A recent article by Barry Smith in the
Elko Daily Free Press delves into the tall tales and hoaxes that were the hallmark of Nevada journalism in the late 19th century. Mark Twain is the best known of these Nevada journalist hoaxers. But another master of the art form was Sam Davis, creator of the apocryphal
Wabuska Mangler, as well as inventor of a horse-raising horse cart. Smith explains:
You may have passed through Wabuska on your way from Weeks to Weed Heights without realizing this tiny hamlet once had a feisty newspaper called the Mangler.
Well, it didn’t.
The Wabuska Mangler was entirely made up by Sam Davis, who was editor of The Morning Appeal in Carson City from 1879 to 1898, as a way to get outrageous opinions into the Appeal by attributing them to somebody else. The Mangler was a “wicked little sheet,” Davis wrote, and its editor “a disgrace to journalism.”
One of Davis’s more far-reaching hoaxes was of a horse cart invented by a local blacksmith.

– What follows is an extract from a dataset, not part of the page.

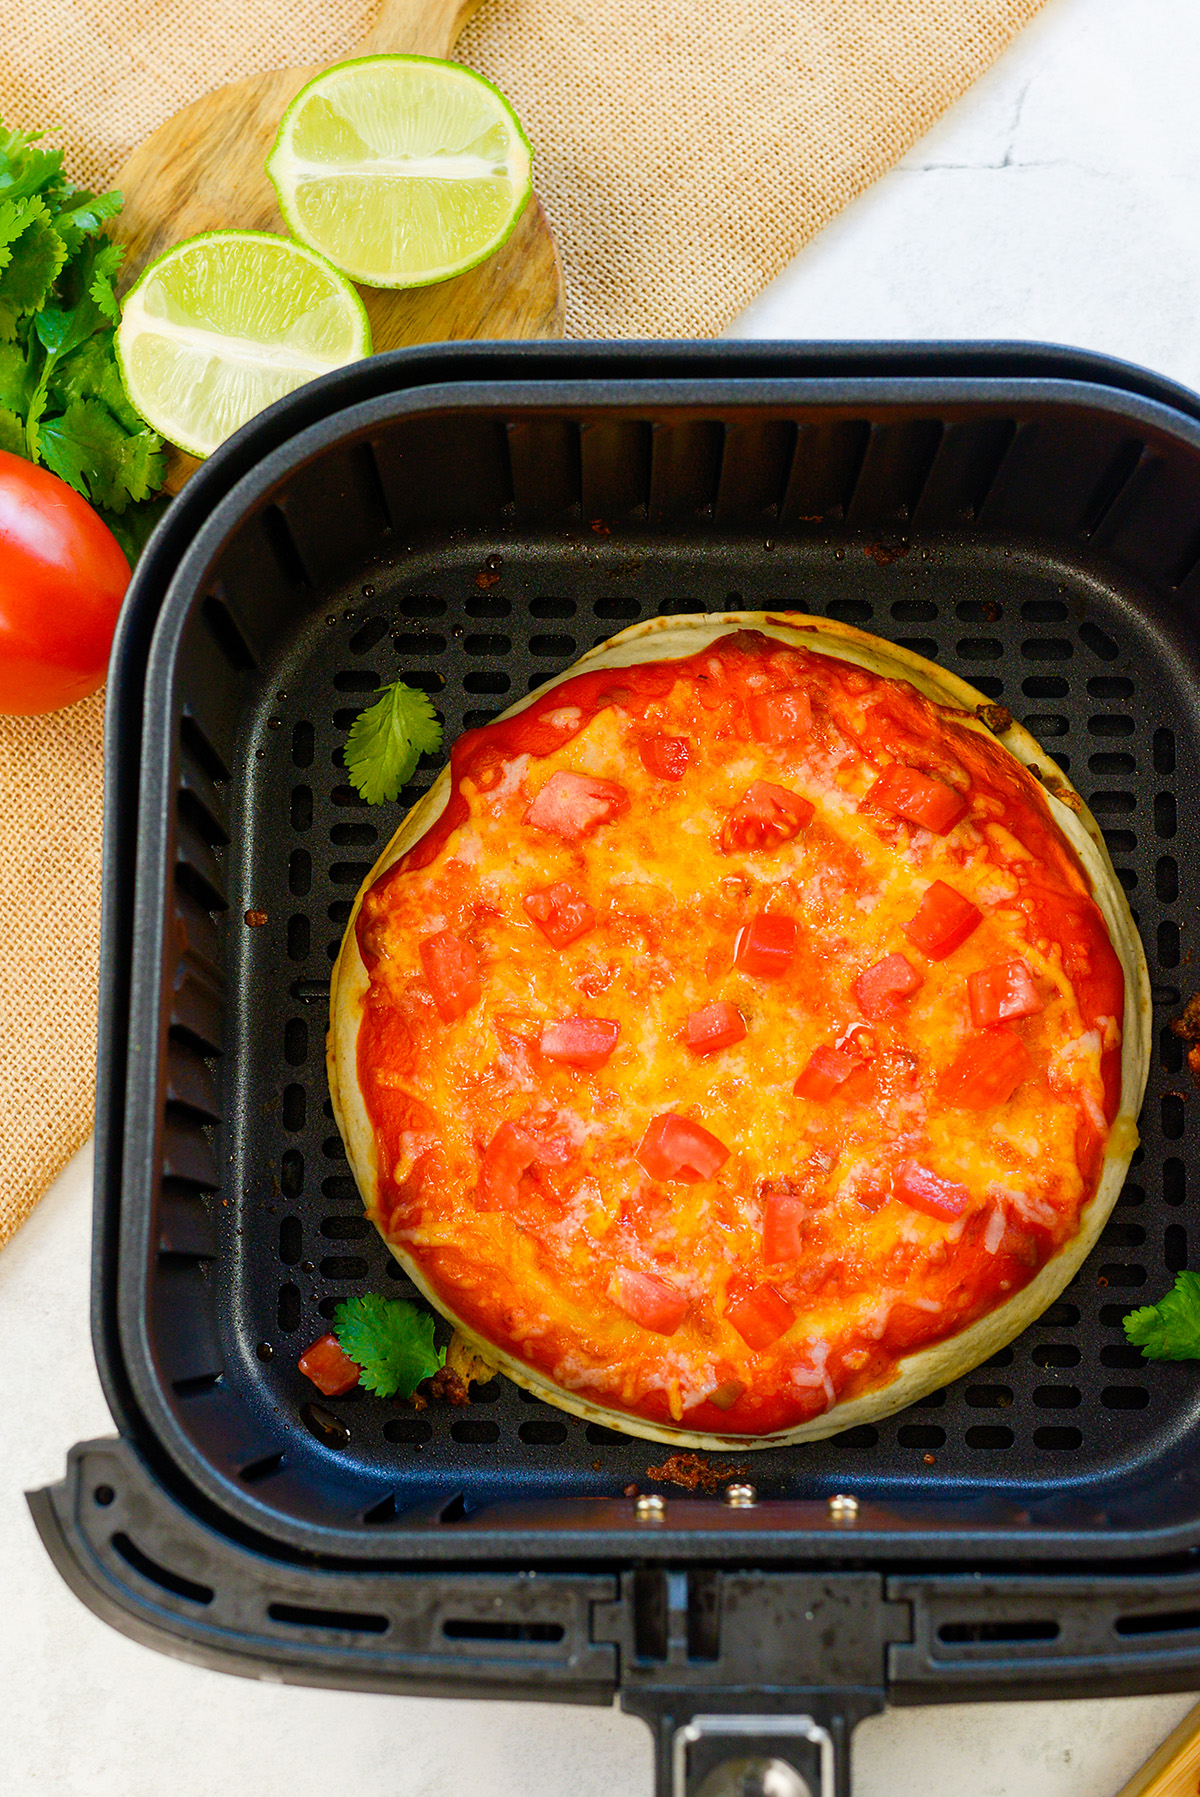 Overhead view of a Mexican pizza in an air fryer basket.

It featured a belly-band four feet wide beneath the horse, which enabled the driver to turn a crank and raise the horse off the ground. That way, at the top of a hill, both cart and horse could coast to the bottom.
The story, fed by follow-ups in the Appeal including an illustration, spread around the country until fellow editors called his bluff.

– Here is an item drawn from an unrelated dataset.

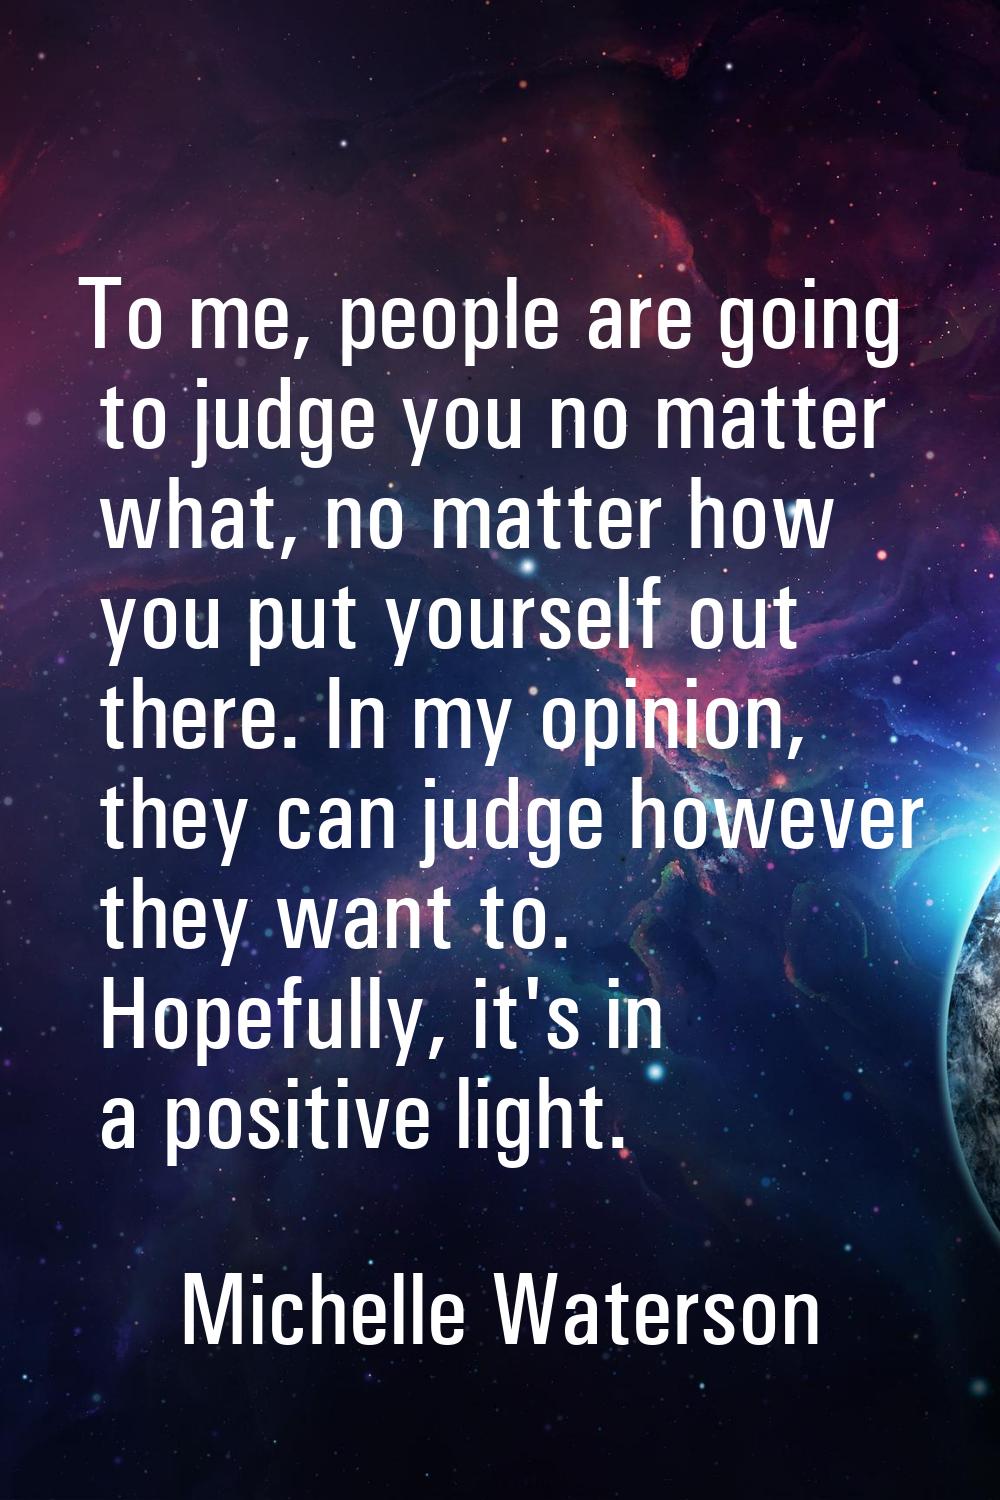 To me, people are going to judge you no matter what, no matter how you put yourself out there. In m

After a little searching, I managed to track down Davis's article about this horse-lifting horse cart. It ran in papers in late 1884/early 1885. It was usually titled either "The Cart Before The Horse" or "Making It Pleasant For The Horse." The cart was said to be the creation of a blacksmith named Mr. Torreyson.
I've reproduced the text of it below. Plus, I was also able to find an illustration of the horse cart reproduced in the
Pacific Rural Press, Vol 29(15), April 11, 1885.
The "Bergh" mentioned in the subtitle of the article was
Henry Bergh, founder of the American Society for the Prevention of Cruelty to Animals.
THE CART BEFORE THE HORSE
How a Nevada Blacksmith Out-Berghs Bergh — A Tale for Travelers
Carson Appeal
Mr. Torreyson, the blacksmith, of this city, is noted for his kindness towards animals. He has just built a road cart, now on exhibition at his blacksmith shop, which is destined to revolutionize traveling by road and to materially lighten the labors of that noble animal, the horse. The idea is to occasionally give the horse a chance to ride in the cart as the driver. the idea was first suggested to Mr. Torreyson by seeing a turtle move along the road carrying his shell with him. The vehicle made by Mr. Torreyson has four high wheels and the place between them arched, so that the horse is hitched under the wagon between the wheels, his head projecting a little beyond the front wheels and his tail just barely clearing the hind wheels. The driver sits just over the horse's neck and the others in the wagon face outward on each side. The horse is so fastened that the pulling is distributed over his body and does not all come of his neck and shoulders. In this position he is greatly protected from the sun and storm and thereby enabled to make long journeys with less fatigue.
But the principal part of the invention lies in a belly-band about four feet wide passing under the horse. When you reach the top of a long hill, down which a horse would have to go slowly as he held back the load, you simply turn a crank and it lifts the horse off its feet several inches from the ground and the vehicle then runs down the hill of its own momentum. It is provided with a steering apparatus and a brake, that the vehicle may be steered and its velocity regulated.
Several times during the day the tired horse has a chance to ride and is very much rested. Also when the horse attempts to run away you wind up the crank and he is lifted off the ground perfectly hopeless.